**SUPPLIED DATA**
====
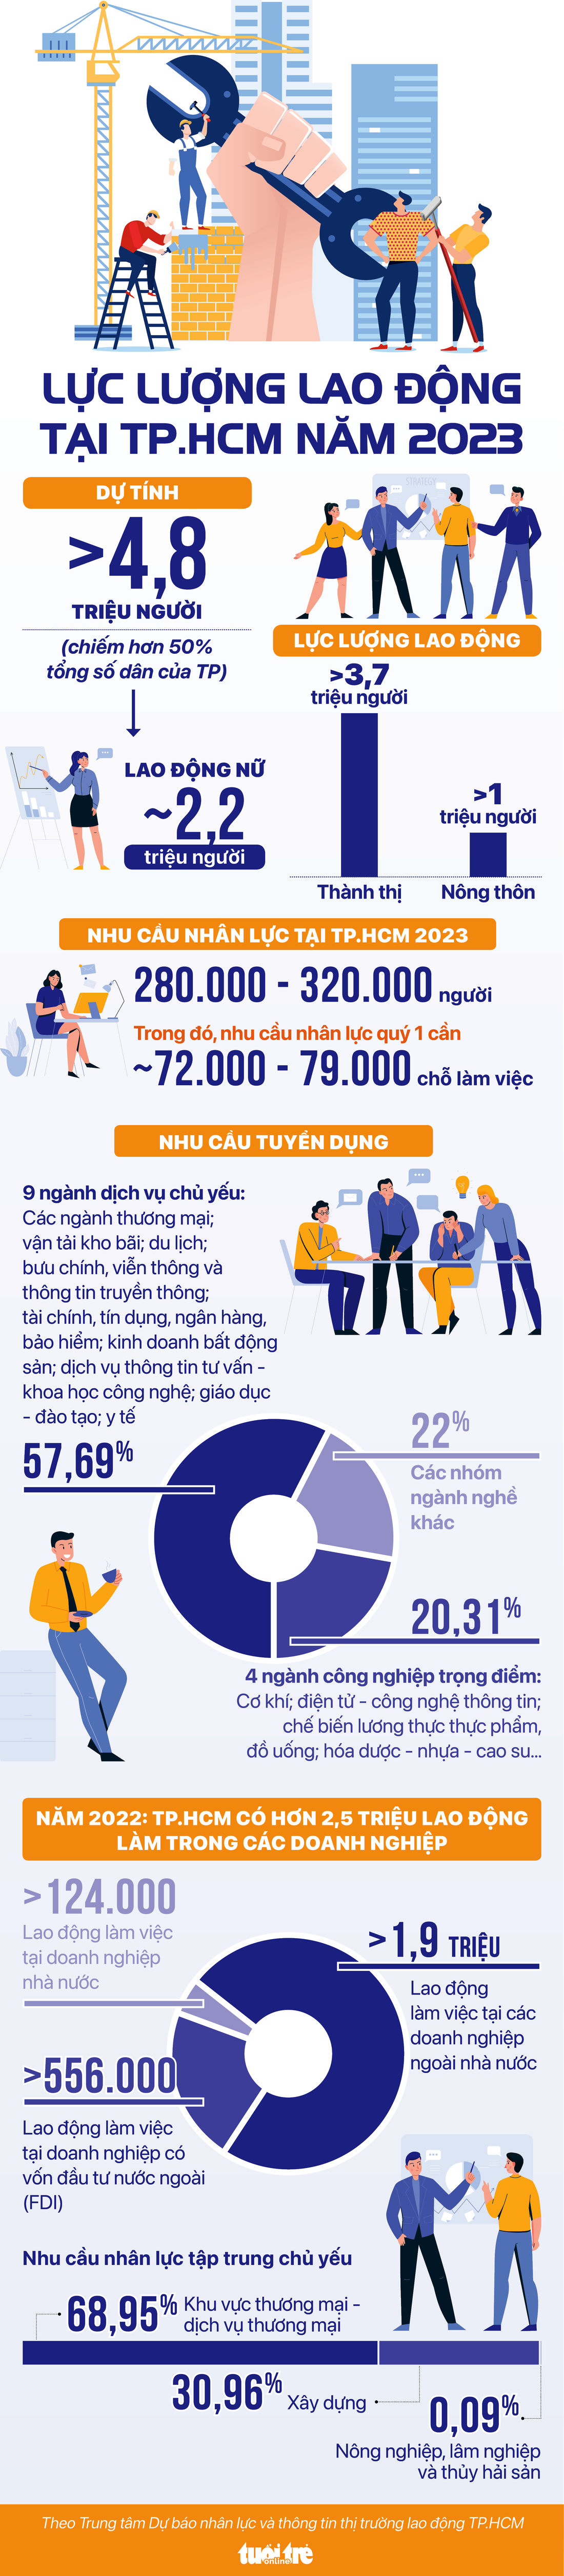 Infographic: TP.HCM hút gần 5 triệu lao động năm 2023 - Ảnh 1.
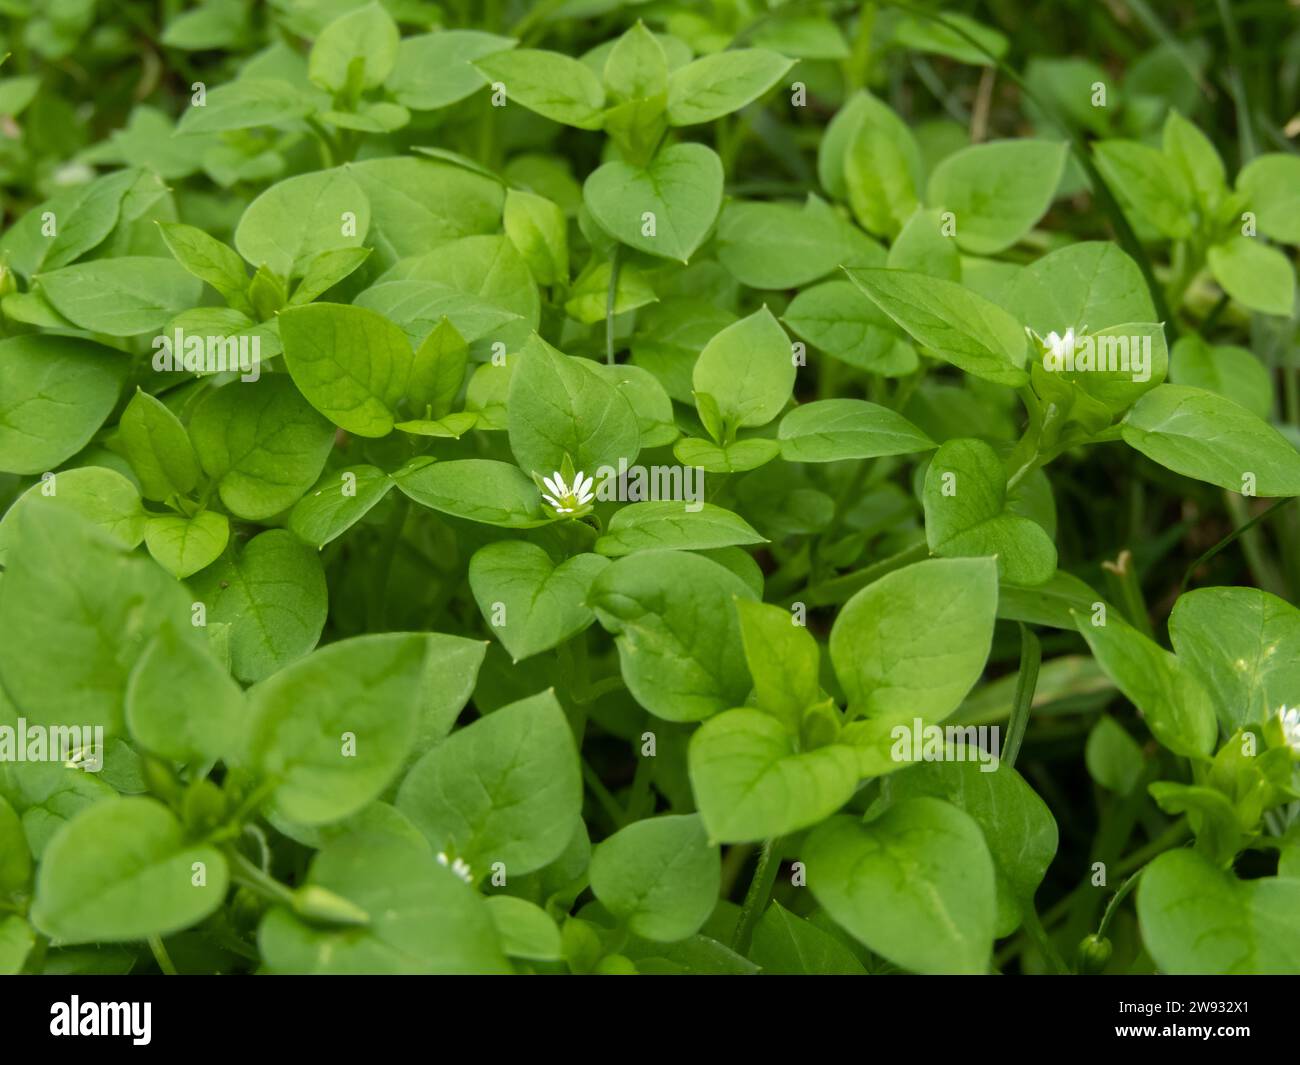 Stellaria Media oder Kicherkraut oder Winterkraut weiße Blume. Unkrautpflanze. Essbare Salatpflanze und pflanzliche Heilpflanze. Stockfoto
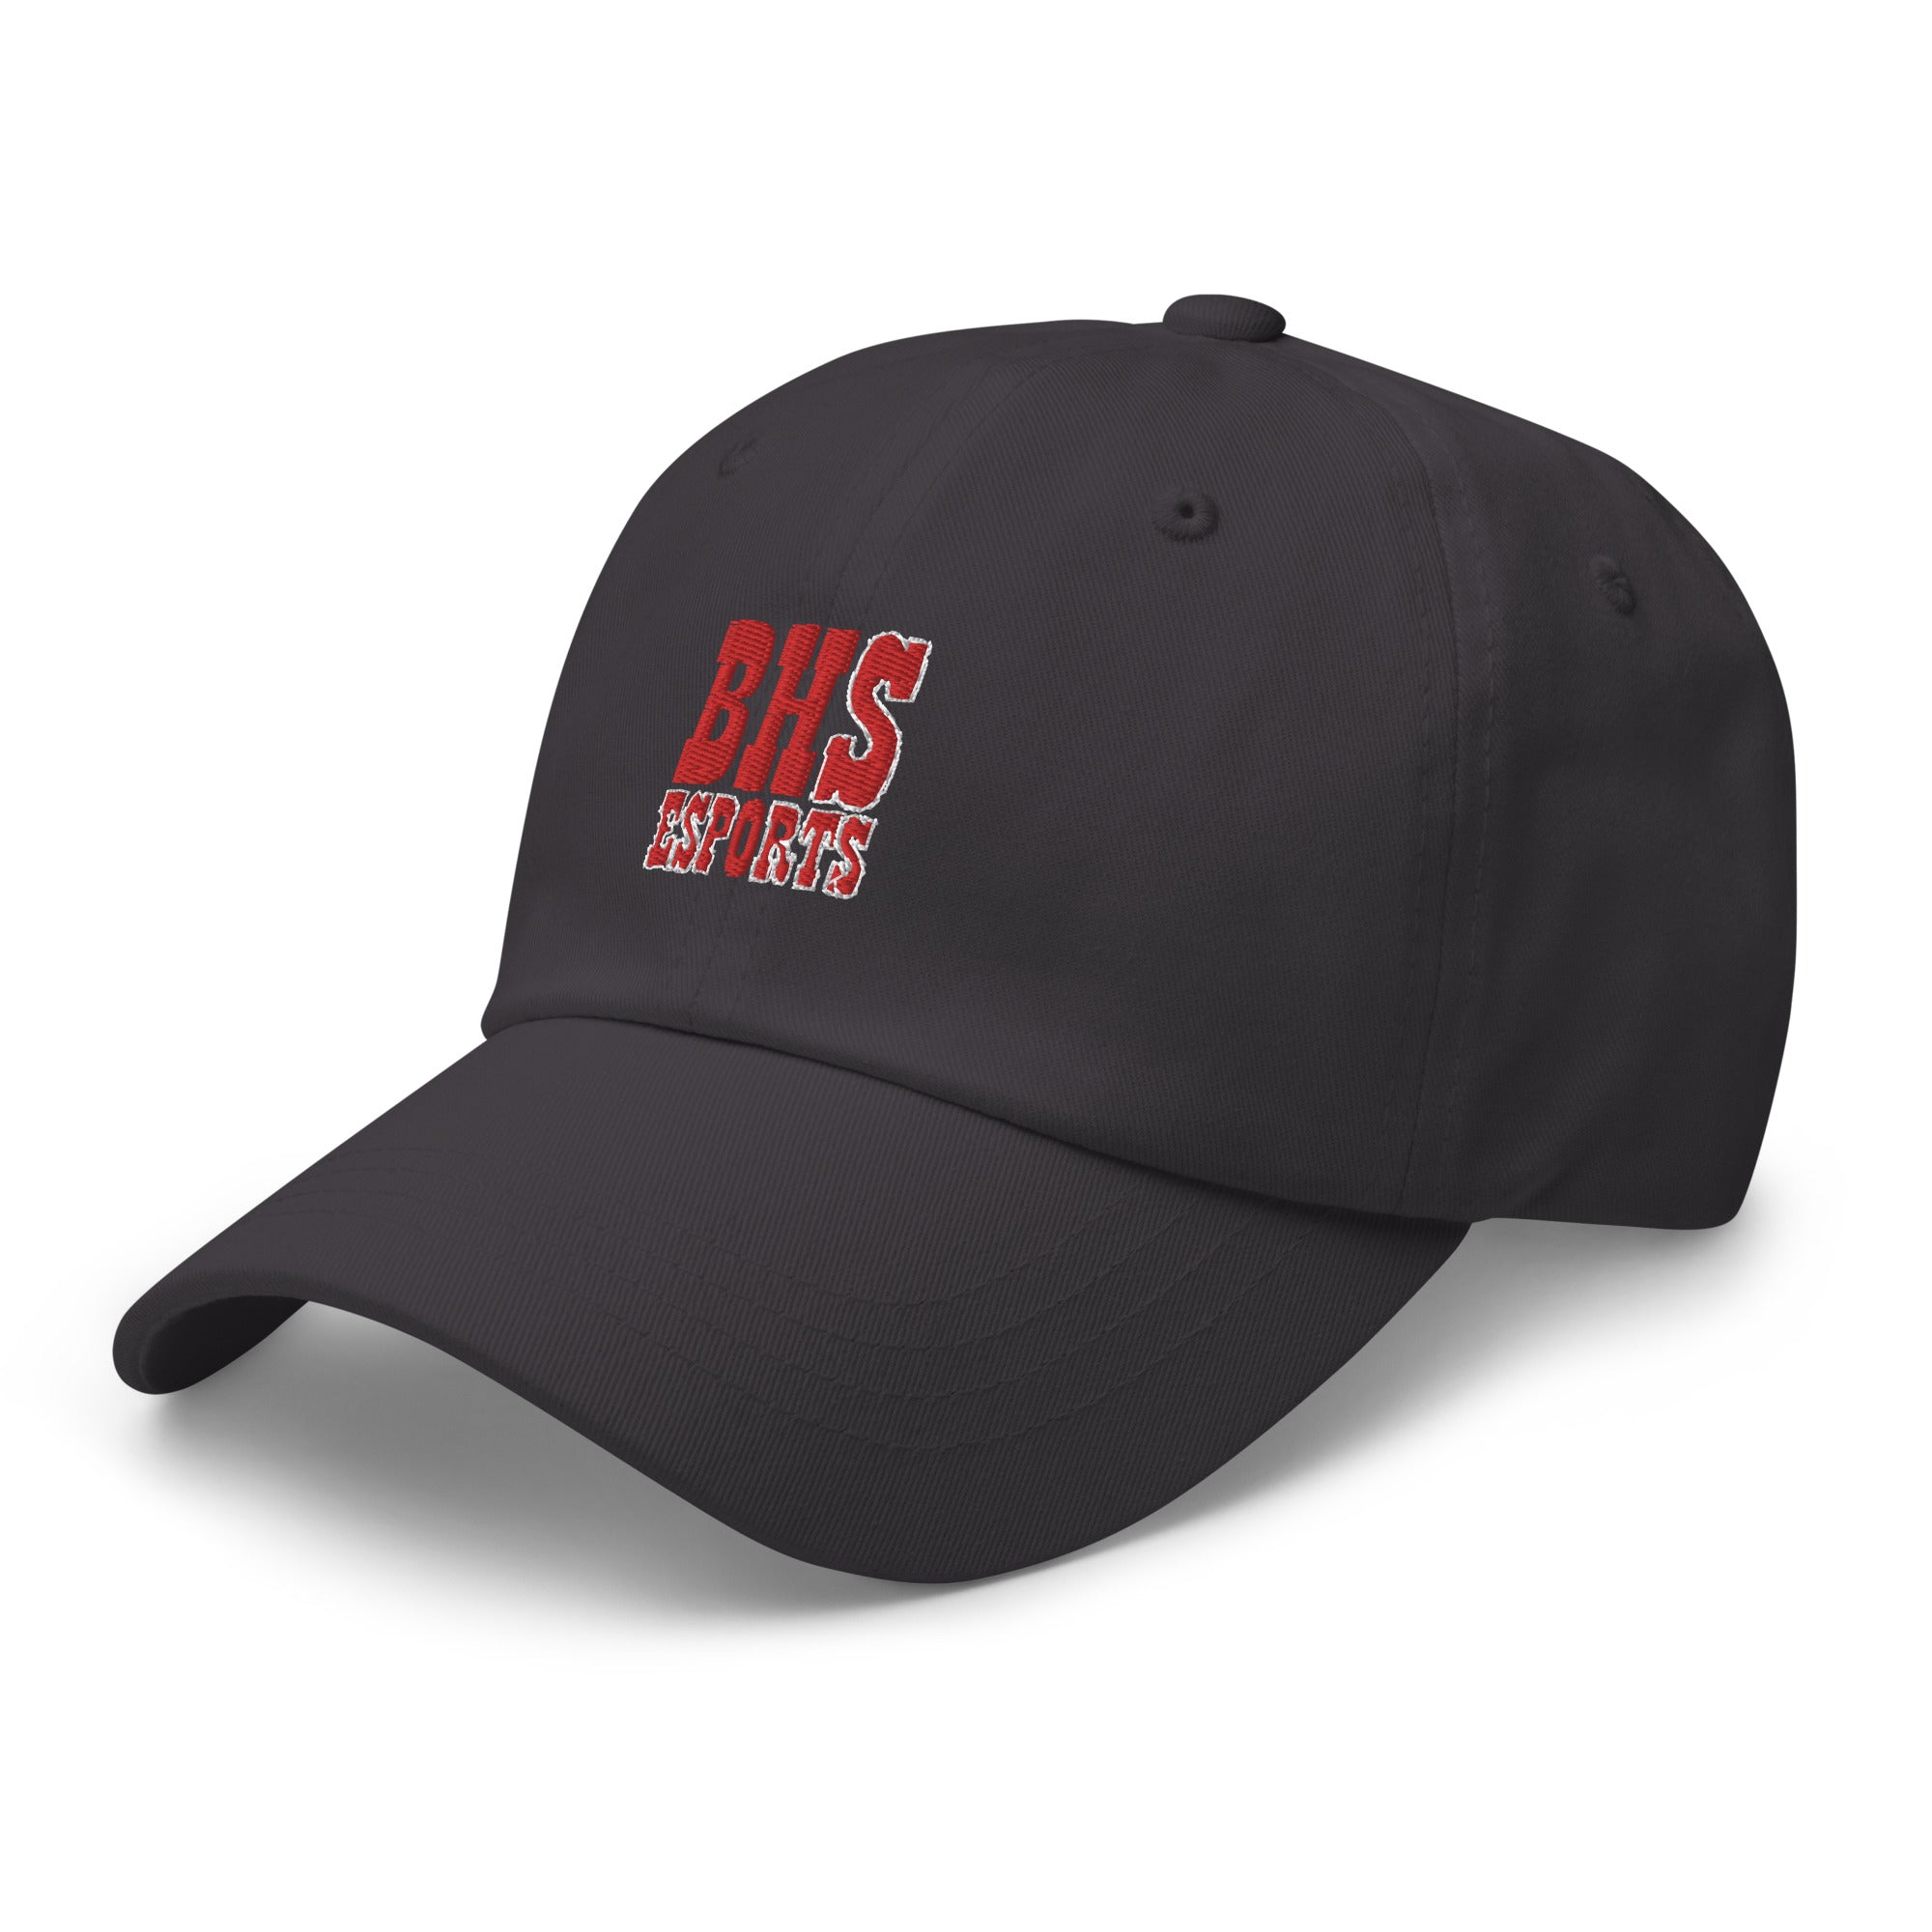 Bellevue High School | On Demand | Embroidered Dad Hat
====
Where pictures appear, skip them and transcribe all other material word for word.

 Infographic: TP.HCM hút gần 5 triệu lao động năm 2023 - Ảnh 1.
 Stellaria Media oder Kicherkraut oder Winterkraut weiße Blume. Unkrautpflanze. Essbare Salatpflanze und pflanzliche Heilpflanze. Stockfoto
 Bellevue High School | On Demand | Embroidered Dad Hat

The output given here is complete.